No offense intended, hope you don't take it that way.


----------



## brownceluse (Jan 10, 2011)

If he is this good now. There is no reason to hold him back. When he gets to HS everyone will average out. With exceptions to a few special players. My son was a beast last year on his team. This year he was average at best. He moved up a age group. He was second biggest kid year before last. This was his second year. He played with kids going into their fifth year. The only way to get better at anything is to play against the best. Leave him were he is, and when he gets to HS one more year aint going to make or break him. Good luck anyway you choose. JMHO!


----------



## Bones (Jan 10, 2011)

*Holding back*

I graduated from high school when I was 17 and was a very good baseball pitcher.  My dad and I in later years realized that I should have waited another year before starting school.  If I would waited another year and graduated when I was 18 I would have been more mature mentally and would have matured more physically also.  I believe the extra year would not hurt in your sons mental maturation and certainly would benefit him physically.  

Bones


----------



## Doc_Holliday23 (Jan 10, 2011)

Waiting an extra year to altogether different, IMO.  At least you go through class with the same kids and you don't re-take any material.

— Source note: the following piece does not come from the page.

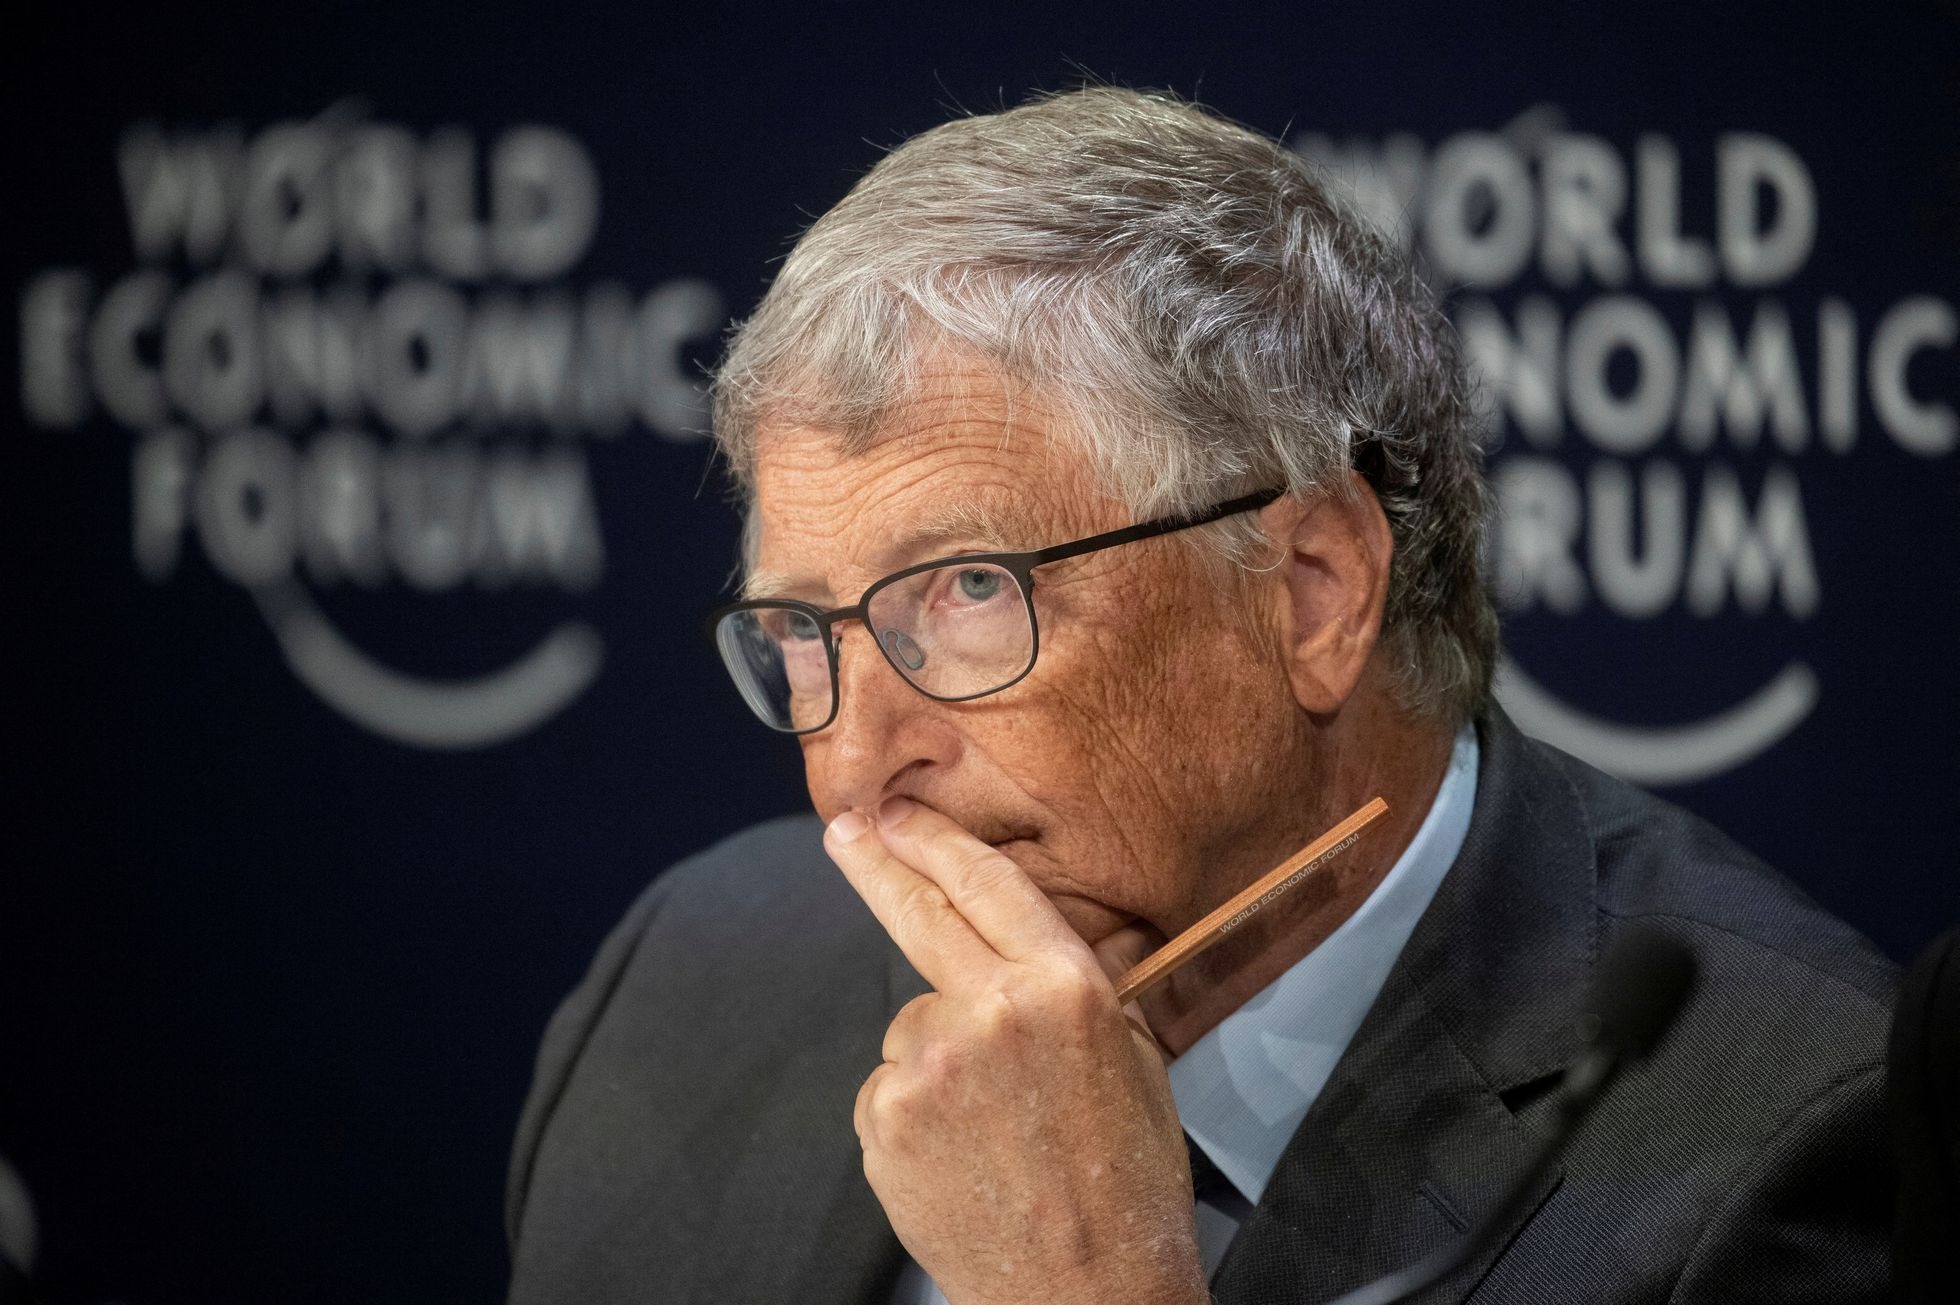 Preguntas íntimas y sexualmente explícitas: las entrevistas a mujeres para trabajar con Bill Gates

How did your mental immaturity hamper you?  Did it, in any way, negatively affect your academic progress?


----------



## LittleHolder (Jan 10, 2011)

My advice is to be the best Father you can to that boy.  I suspect you are a great one.  Hold him back or not, he will be a number ONE draft pick in life if his parents teach him right and wrong and respect.  I would never judge you and Mom on what you decide.  Big, strong, fast, smart, rich, or good looking won't help when you need family, and he will one day.  Do what you have done for 11 years brother, raise him and make the best decisions you can.  The rest will fall in place.  Hey on a lighter note,,,,,, I am starting to worry about my 3 year old son......he loves playing with Mommy's hair all the time.......If he is doing that at your son's age I may look into speeding him up instead of holding back.


----------



## meherg (Jan 10, 2011)

Just keep in mine that when hes in college and 30 years old partying like heck dont take him out those are the fun years for sure
JUST PICKING I WOULDNT DO IT


----------



## greene_dawg (Jan 10, 2011)

Not my kid but there is no way I'd hold my kid back from advancing in to an educational grade that he or she is obviously capable of handling just so they could dominate kids a year younger than them in sports.


----------



## Twenty five ought six (Jan 10, 2011)

Hate to be the cynic, but the coach isn't suggesting you hold the boy back for the boy's good.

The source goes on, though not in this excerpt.